MCD Partners

Memphis Daily News
Take Time to Connect and Share
October 6, 2014
By Dr. Mary C. McDonald

The drive to the meeting was inspirational. The weather was perfect, the lights were green, and someone even let me in the line of traffic right before it merged to the left.

I had a newness of thought as I weighed possible solutions to the problem to be discussed at the meeting. I wondered what insights others would offer to the situation. I took my place at the table and looked down at the agenda. There was no discussion planned. It was just a report of what had been, what is and what will continue to be.

I saw that the boundaries had already been established “in the interest of time.” The possibilities for excellence that come from shared risk-taking had been relinquished in favor of the safety of maintaining the status quo.

The agenda reminded me of the old saying: “If you always do what you always did, then you’ll always get what you always got.” I picked up my pen and added an item to the agenda, “What do you think?”

Collective wisdom seems to be less and less important in society today. Yes, we have more ways to communicate than ever before, but communication has become one of the simultaneous things that we do as we multitask, and instant messages have replaced our conversations.

How do you get to really know each other, share your thoughts and be truly connected if your conversations are only brief, superficial and one-dimensional? How do you build a community, a workplace, a family, a life, with such short-term focus on shared decision making?

If you do not provide time for an encounter with the thoughts and ideas of others, then you miss the opportunity to experience the unique perspective each person brings to the whole. You might miss the conversation that inspires you to find purpose and meaning.

Shortcut communication – at home, at work or in the community – only causes you to know less and assume more. You’ll never get to say, “Let’s talk about it … what do you think about … you just gave me a great idea … I understand.”

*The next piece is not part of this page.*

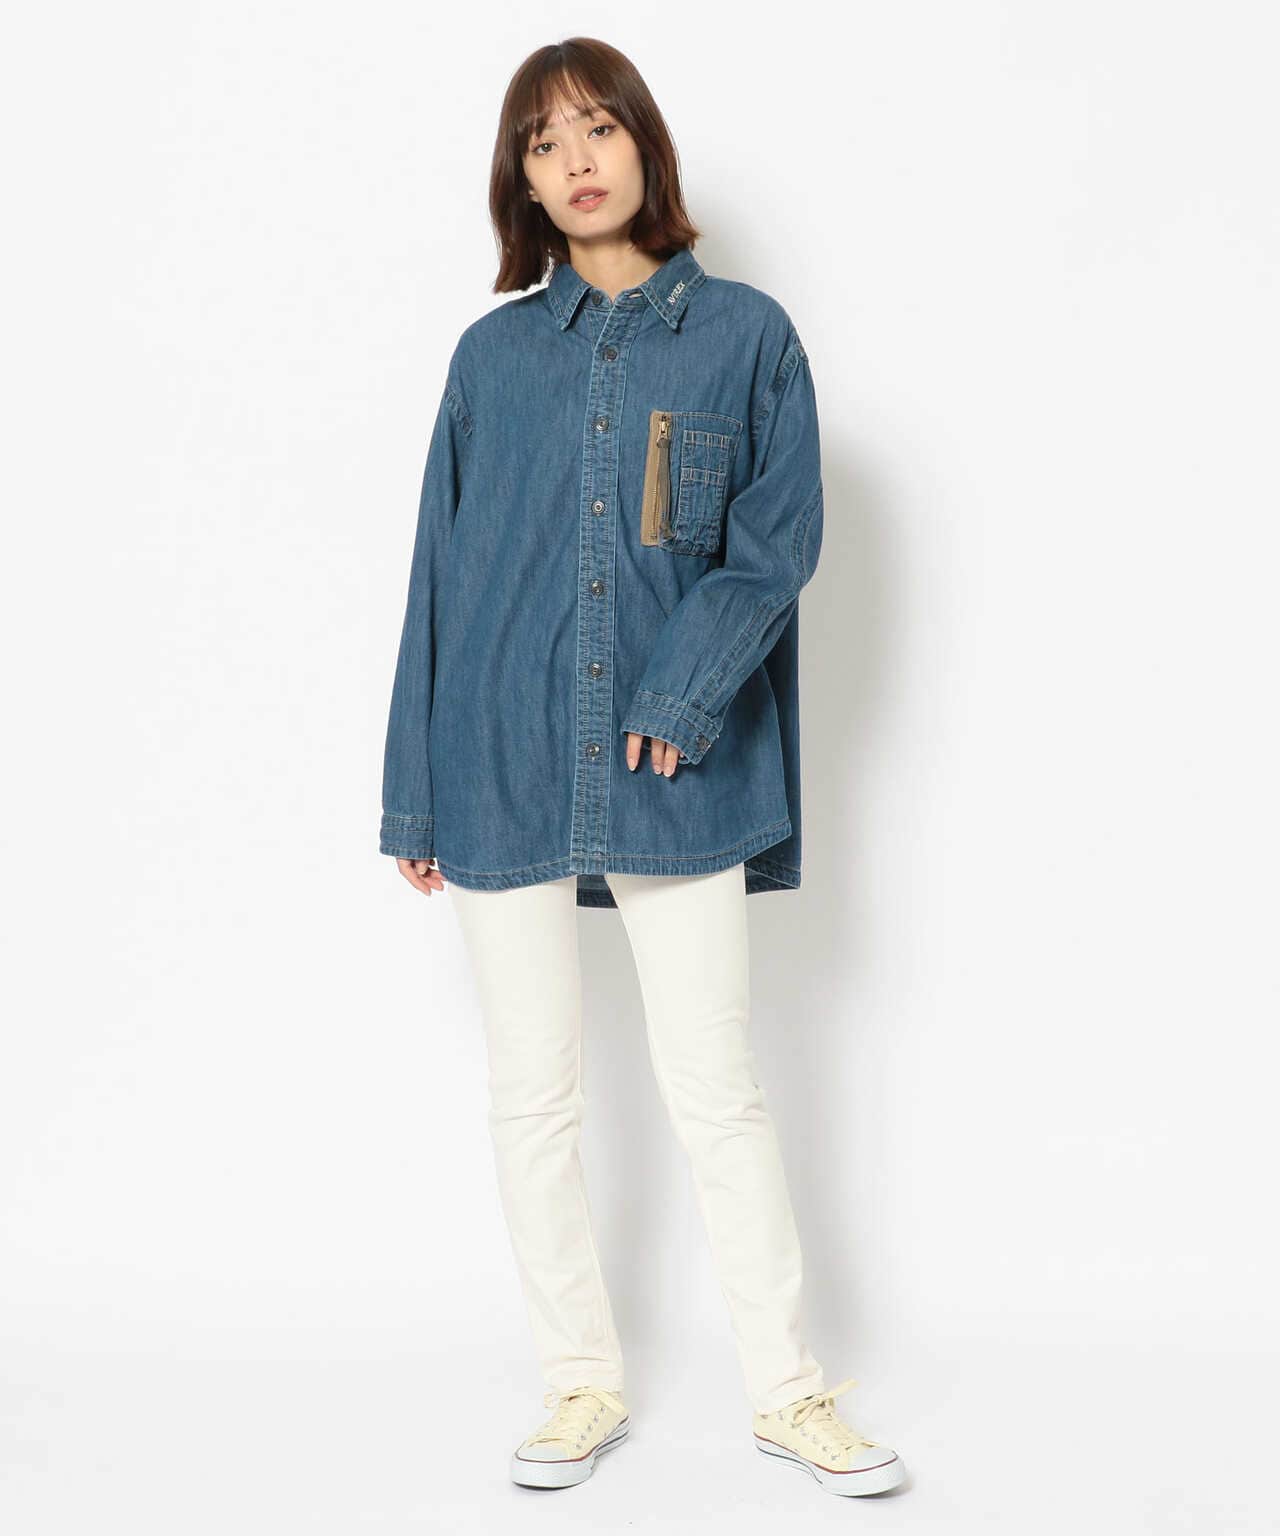 タイプブルー デニムMA-1シャツ/ L-TYPE BLUE L/S DENIM MA-1 SHIRT

Starbucks is successful not only because of the coffee they sell, but because of the lifestyle they portray – an image of good conversations happening around the tables. It’s a lifestyle of being with others, of sitting down and talking to each other.

Great ideas start with a conversation. You don’t need coffee drinking as an excuse to do that. You don’t need agendas to plan your thoughts. You just need to take the time to share ideas, possible solutions, brainstorm and have a real conversation, a face-to-face, all-the-time-in-the-world kind of conversation, because you’re worth it.

When was the last time you had a conversation that left you “fired up,” inspired you with a call to action, to a vision of what could be? When was the last time you had a conversation that left you with a feeling of connectedness? When was the last time you took the time to start one?